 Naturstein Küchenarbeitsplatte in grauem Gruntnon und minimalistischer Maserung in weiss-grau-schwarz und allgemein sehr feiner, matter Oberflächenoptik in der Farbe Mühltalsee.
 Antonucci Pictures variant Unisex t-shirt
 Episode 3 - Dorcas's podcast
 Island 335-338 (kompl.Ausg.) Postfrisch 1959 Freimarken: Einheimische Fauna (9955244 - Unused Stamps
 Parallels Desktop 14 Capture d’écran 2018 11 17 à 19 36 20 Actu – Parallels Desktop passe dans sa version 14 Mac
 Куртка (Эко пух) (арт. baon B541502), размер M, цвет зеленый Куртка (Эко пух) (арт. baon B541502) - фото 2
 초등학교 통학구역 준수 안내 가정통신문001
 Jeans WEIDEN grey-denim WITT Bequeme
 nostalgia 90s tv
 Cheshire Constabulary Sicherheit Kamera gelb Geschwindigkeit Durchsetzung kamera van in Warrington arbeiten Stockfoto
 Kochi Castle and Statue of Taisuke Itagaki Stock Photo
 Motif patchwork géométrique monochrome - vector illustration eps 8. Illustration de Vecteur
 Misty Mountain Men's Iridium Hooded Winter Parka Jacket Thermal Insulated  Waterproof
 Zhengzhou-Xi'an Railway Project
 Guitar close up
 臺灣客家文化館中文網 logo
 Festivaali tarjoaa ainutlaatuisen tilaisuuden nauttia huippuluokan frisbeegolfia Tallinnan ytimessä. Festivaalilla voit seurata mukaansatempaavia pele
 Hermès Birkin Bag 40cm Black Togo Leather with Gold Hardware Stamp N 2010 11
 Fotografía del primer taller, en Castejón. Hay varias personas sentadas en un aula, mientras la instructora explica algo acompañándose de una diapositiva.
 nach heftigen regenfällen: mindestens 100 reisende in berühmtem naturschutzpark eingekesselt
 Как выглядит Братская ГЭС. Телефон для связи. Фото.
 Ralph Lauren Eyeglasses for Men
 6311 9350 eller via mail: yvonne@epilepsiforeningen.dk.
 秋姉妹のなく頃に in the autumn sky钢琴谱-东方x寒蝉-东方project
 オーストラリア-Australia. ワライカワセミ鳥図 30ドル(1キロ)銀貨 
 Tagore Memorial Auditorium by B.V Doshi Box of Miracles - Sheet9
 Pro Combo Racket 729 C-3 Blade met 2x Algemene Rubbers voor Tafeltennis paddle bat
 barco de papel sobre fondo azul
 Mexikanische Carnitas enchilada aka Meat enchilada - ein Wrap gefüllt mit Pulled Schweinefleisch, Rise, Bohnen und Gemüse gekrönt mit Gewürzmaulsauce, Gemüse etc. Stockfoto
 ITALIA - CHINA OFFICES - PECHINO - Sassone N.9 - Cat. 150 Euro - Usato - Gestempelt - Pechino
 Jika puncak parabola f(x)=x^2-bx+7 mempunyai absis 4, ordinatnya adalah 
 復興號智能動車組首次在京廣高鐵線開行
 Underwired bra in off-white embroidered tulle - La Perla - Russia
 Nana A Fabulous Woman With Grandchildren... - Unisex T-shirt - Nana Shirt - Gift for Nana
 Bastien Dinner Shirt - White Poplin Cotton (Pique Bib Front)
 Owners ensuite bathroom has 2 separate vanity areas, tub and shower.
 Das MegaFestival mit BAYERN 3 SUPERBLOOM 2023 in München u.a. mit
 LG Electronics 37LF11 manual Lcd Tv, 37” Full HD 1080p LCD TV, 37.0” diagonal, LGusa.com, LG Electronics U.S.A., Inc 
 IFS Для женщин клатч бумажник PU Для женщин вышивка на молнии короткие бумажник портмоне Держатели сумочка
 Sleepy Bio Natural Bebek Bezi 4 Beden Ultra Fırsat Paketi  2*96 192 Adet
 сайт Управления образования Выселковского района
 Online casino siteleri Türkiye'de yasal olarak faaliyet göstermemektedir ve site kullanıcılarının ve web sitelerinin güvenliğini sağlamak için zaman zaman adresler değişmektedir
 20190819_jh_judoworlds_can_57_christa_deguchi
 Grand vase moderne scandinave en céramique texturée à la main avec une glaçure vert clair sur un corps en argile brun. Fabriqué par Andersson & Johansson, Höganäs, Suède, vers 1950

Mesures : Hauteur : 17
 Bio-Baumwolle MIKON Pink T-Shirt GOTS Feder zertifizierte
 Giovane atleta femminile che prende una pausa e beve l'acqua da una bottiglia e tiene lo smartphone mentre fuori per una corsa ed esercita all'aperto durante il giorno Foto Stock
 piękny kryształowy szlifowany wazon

→ **TASK PROMPT**
Each line above from the one with "Cheshire Constabulary Sicherheit" up to and including the one with "Как выглядит Братская" must be set down exactly, and no line outside that span may appear.

→ **FINISHED TASK**
 Cheshire Constabulary Sicherheit Kamera gelb Geschwindigkeit Durchsetzung kamera van in Warrington arbeiten Stockfoto
 Kochi Castle and Statue of Taisuke Itagaki Stock Photo
 Motif patchwork géométrique monochrome - vector illustration eps 8. Illustration de Vecteur
 Misty Mountain Men's Iridium Hooded Winter Parka Jacket Thermal Insulated  Waterproof
 Zhengzhou-Xi'an Railway Project
 Guitar close up
 臺灣客家文化館中文網 logo
 Festivaali tarjoaa ainutlaatuisen tilaisuuden nauttia huippuluokan frisbeegolfia Tallinnan ytimessä. Festivaalilla voit seurata mukaansatempaavia pele
 Hermès Birkin Bag 40cm Black Togo Leather with Gold Hardware Stamp N 2010 11
 Fotografía del primer taller, en Castejón. Hay varias personas sentadas en un aula, mientras la instructora explica algo acompañándose de una diapositiva.
 nach heftigen regenfällen: mindestens 100 reisende in berühmtem naturschutzpark eingekesselt
 Как выглядит Братская ГЭС. Телефон для связи. Фото.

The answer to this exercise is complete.